### Work item
Pictures must not appear in the copy. Restate exactly the lines below from the one with "MOSCOU, RUSSIE - 21" through the one with "La donna al", inclusive.

### Data extract
______

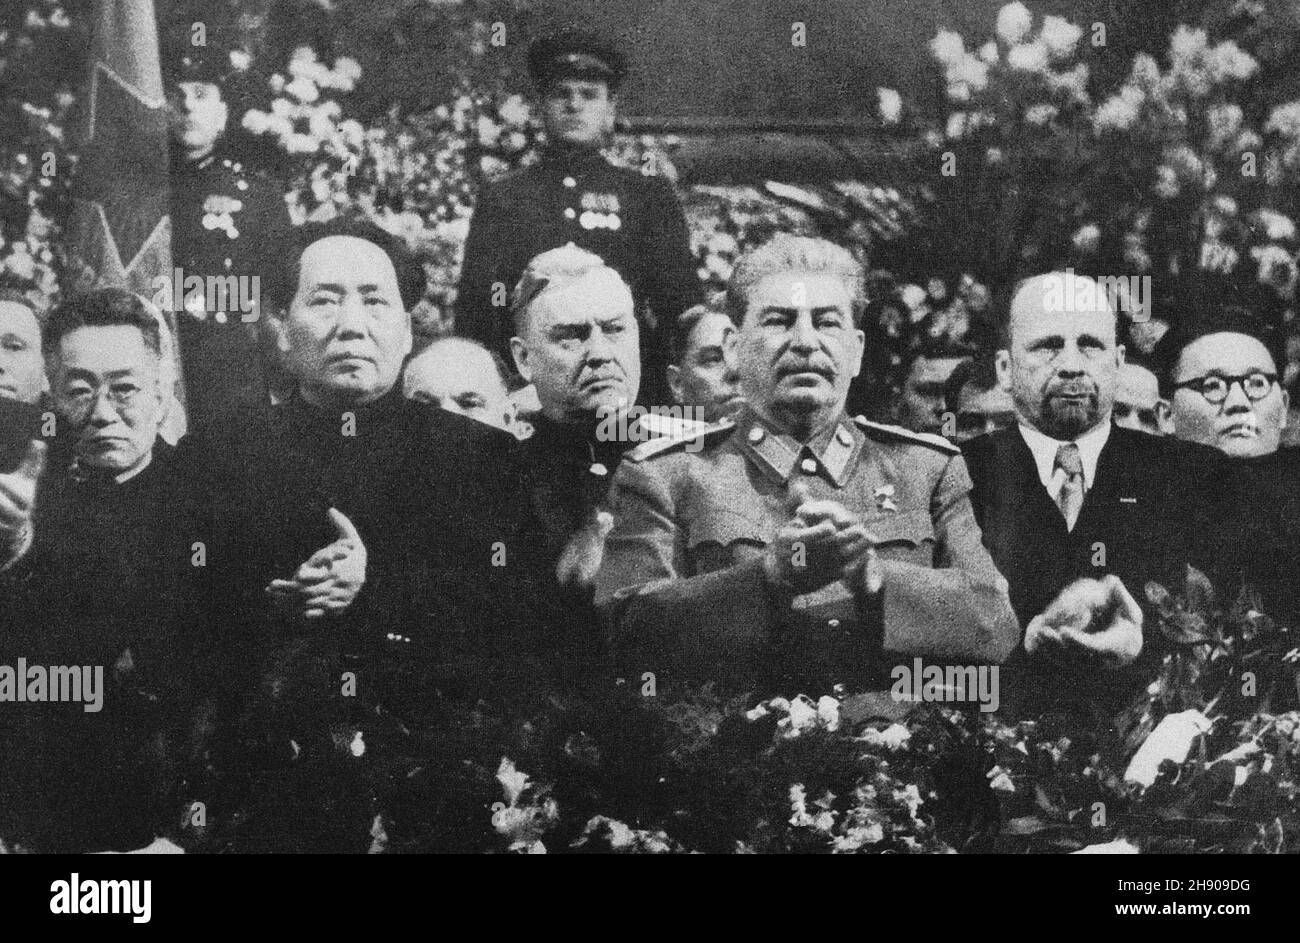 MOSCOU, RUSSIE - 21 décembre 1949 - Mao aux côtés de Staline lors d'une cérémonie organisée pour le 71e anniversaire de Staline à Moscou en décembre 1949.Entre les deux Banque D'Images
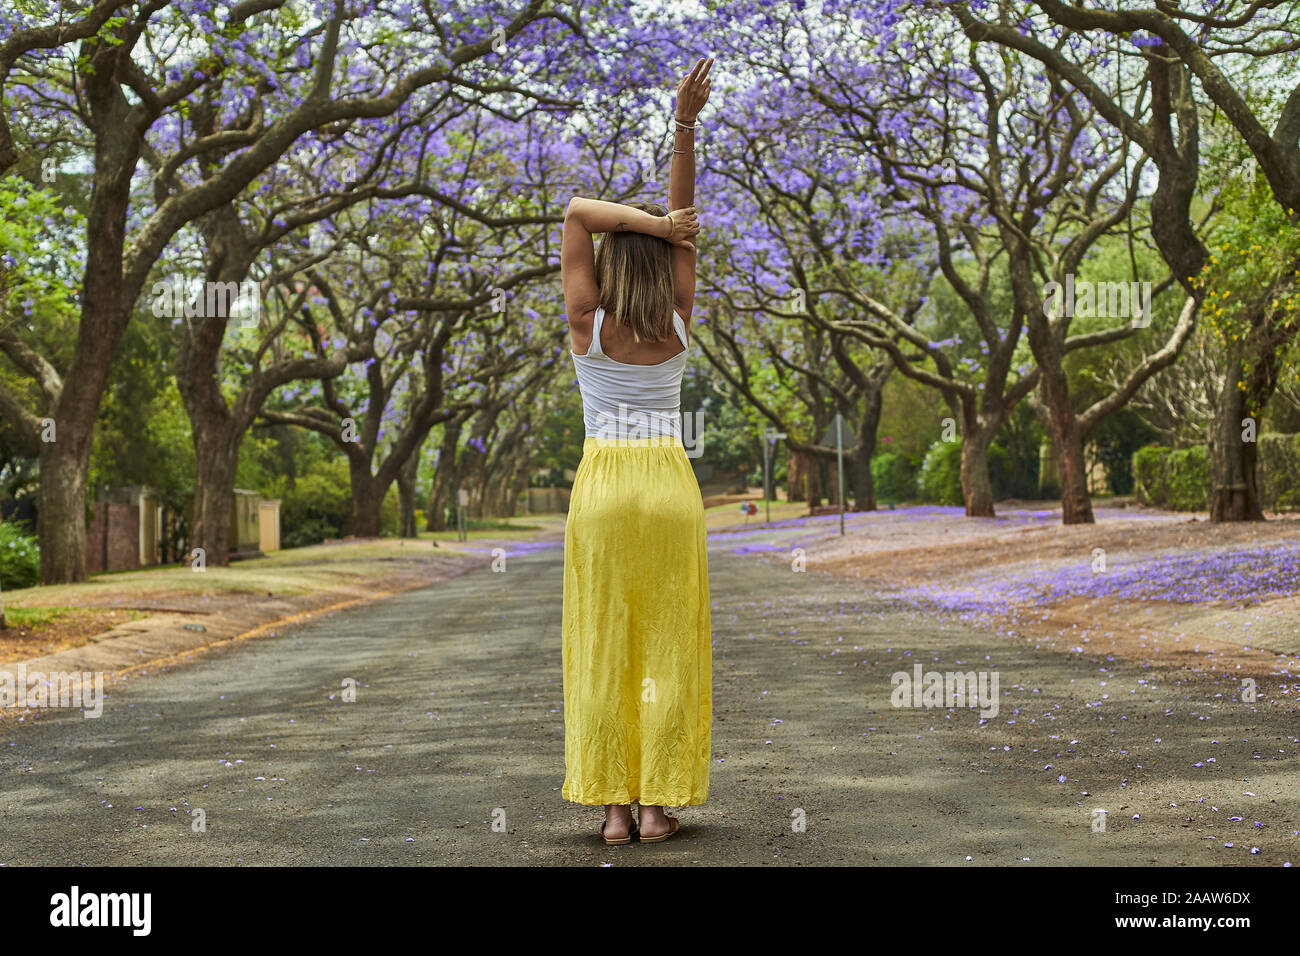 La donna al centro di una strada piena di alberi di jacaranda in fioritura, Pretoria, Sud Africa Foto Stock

______

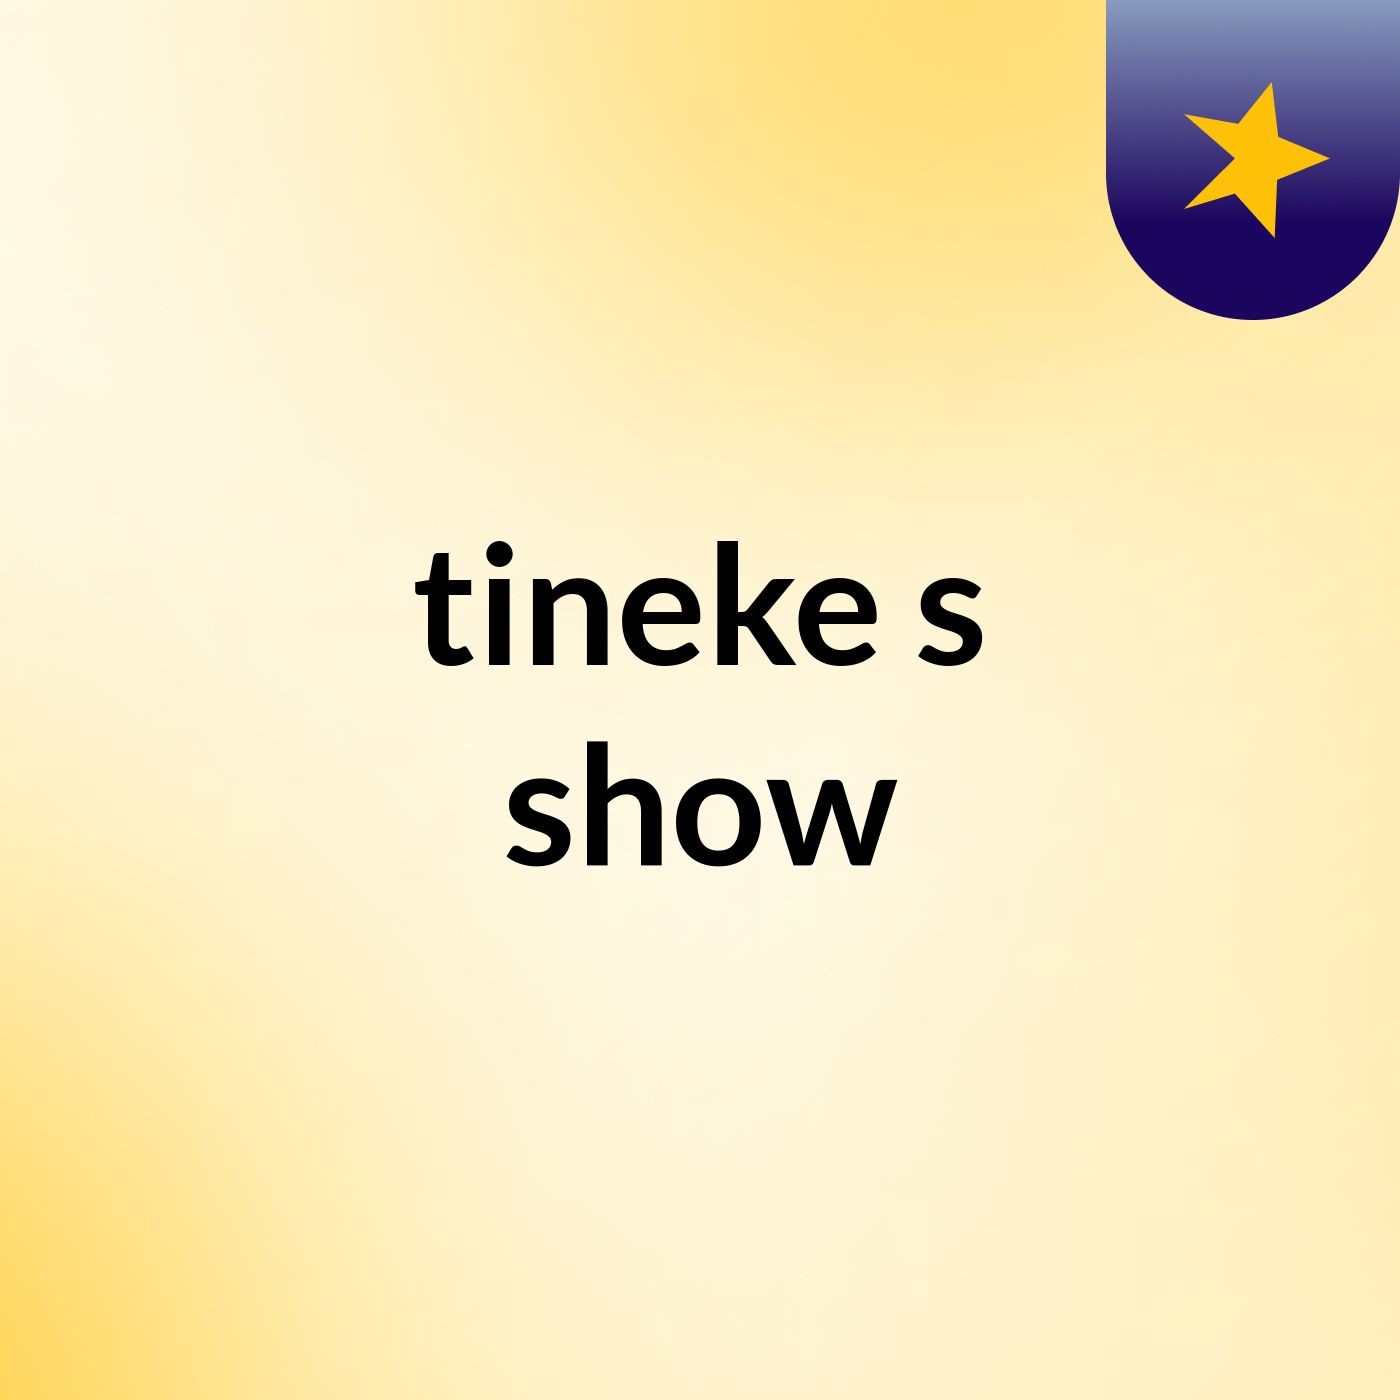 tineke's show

______

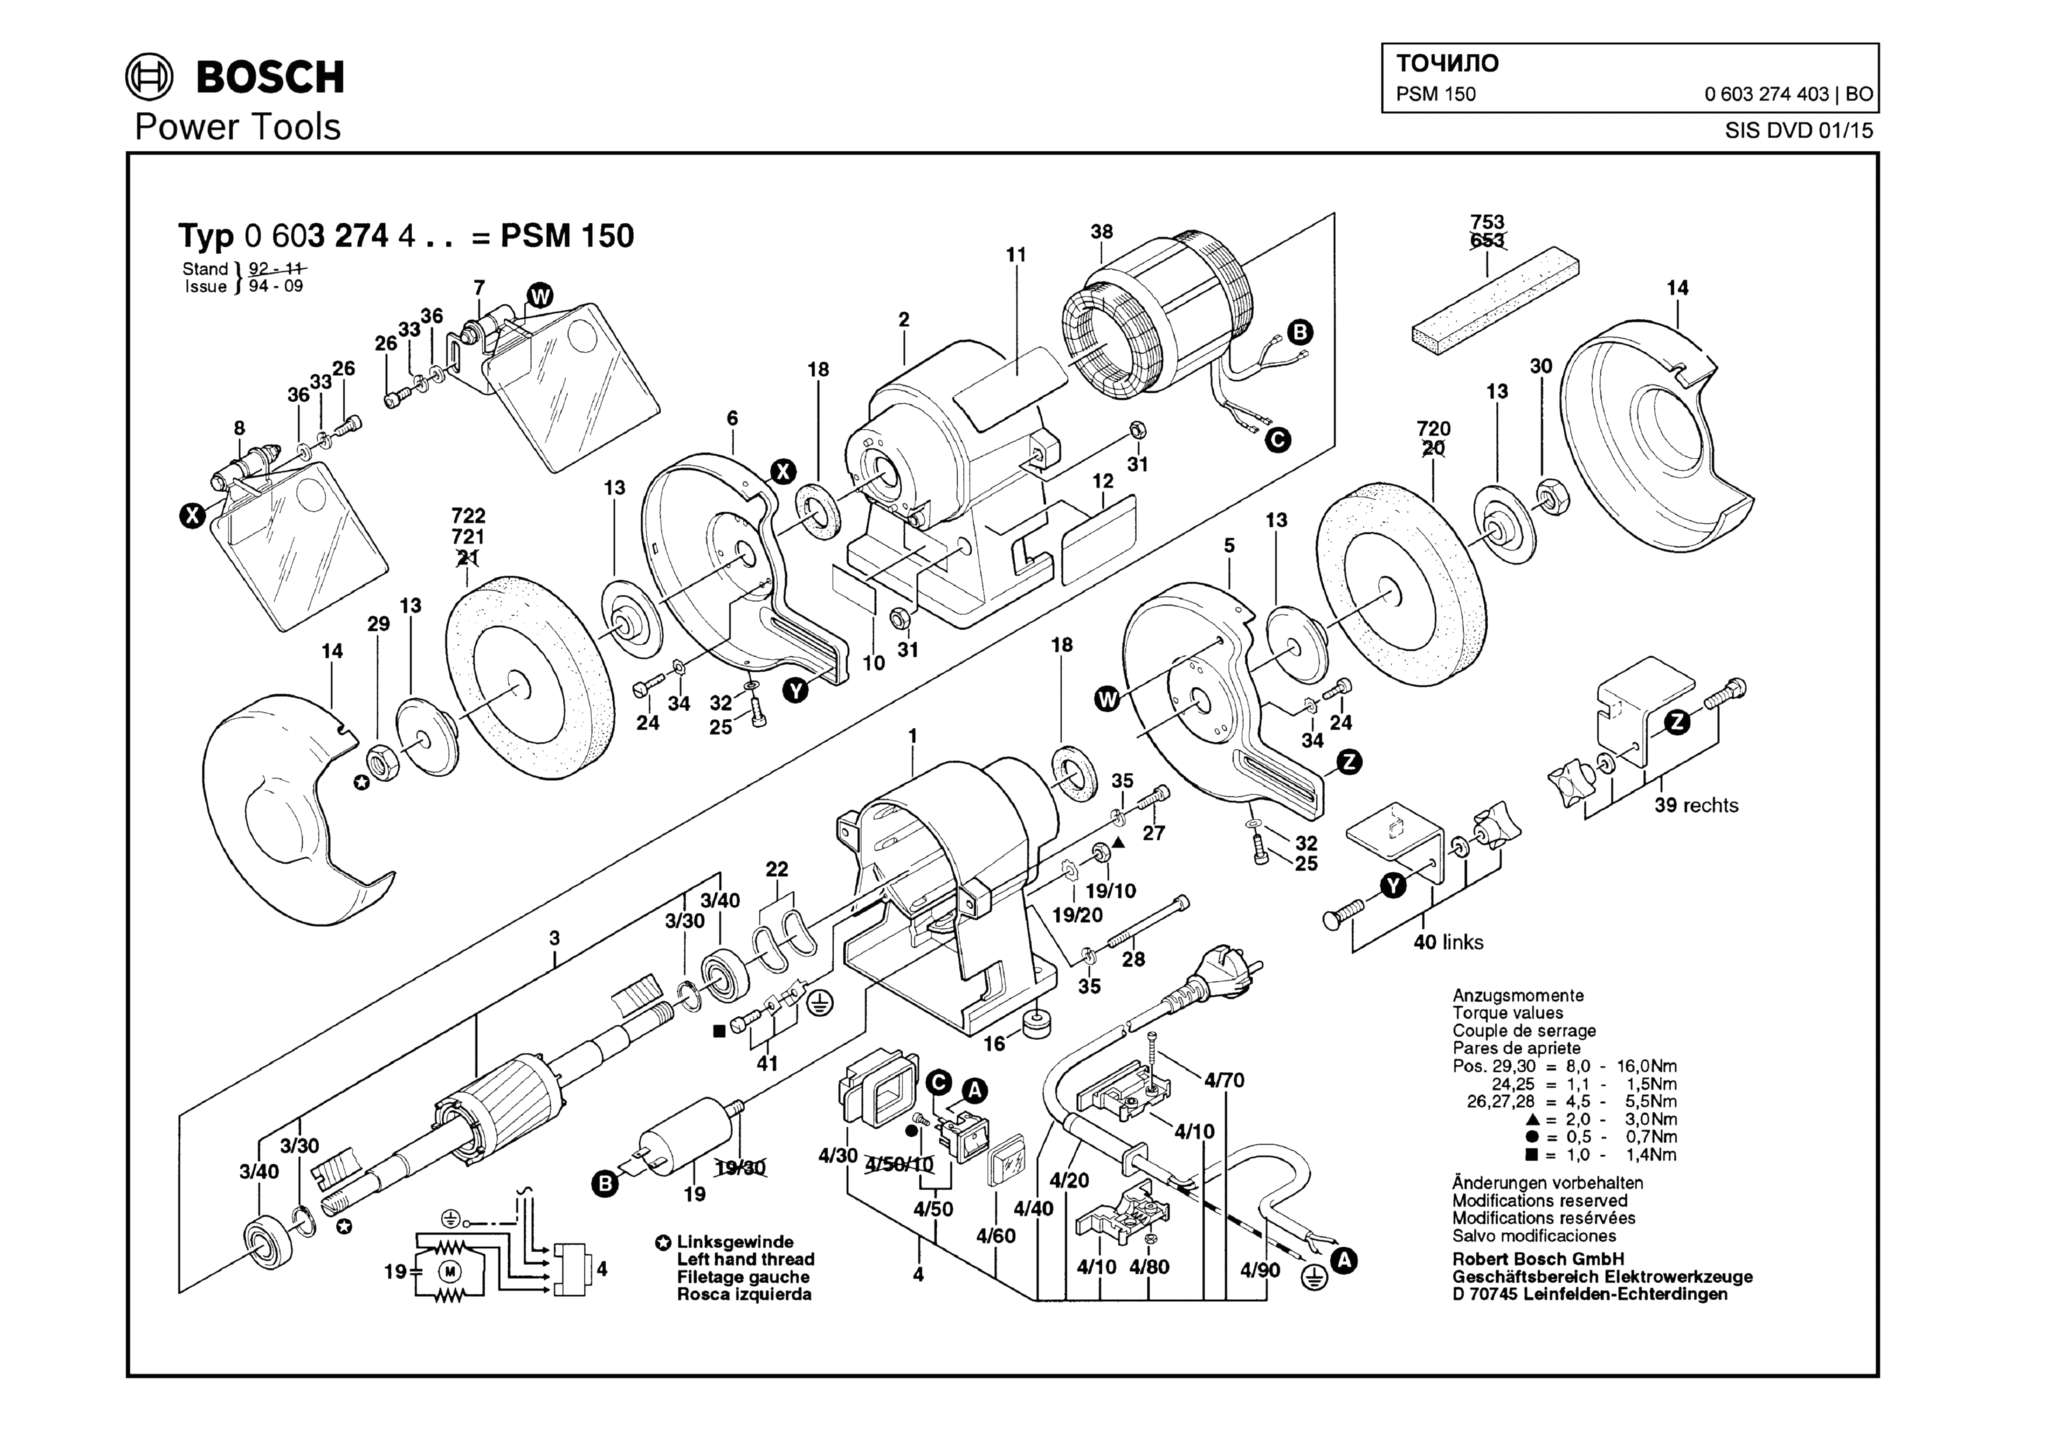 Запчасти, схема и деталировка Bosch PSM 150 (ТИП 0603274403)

______

### Problem solution
 MOSCOU, RUSSIE - 21 décembre 1949 - Mao aux côtés de Staline lors d'une cérémonie organisée pour le 71e anniversaire de Staline à Moscou en décembre 1949.Entre les deux Banque D'Images
 La donna al centro di una strada piena di alberi di jacaranda in fioritura, Pretoria, Sud Africa Foto Stock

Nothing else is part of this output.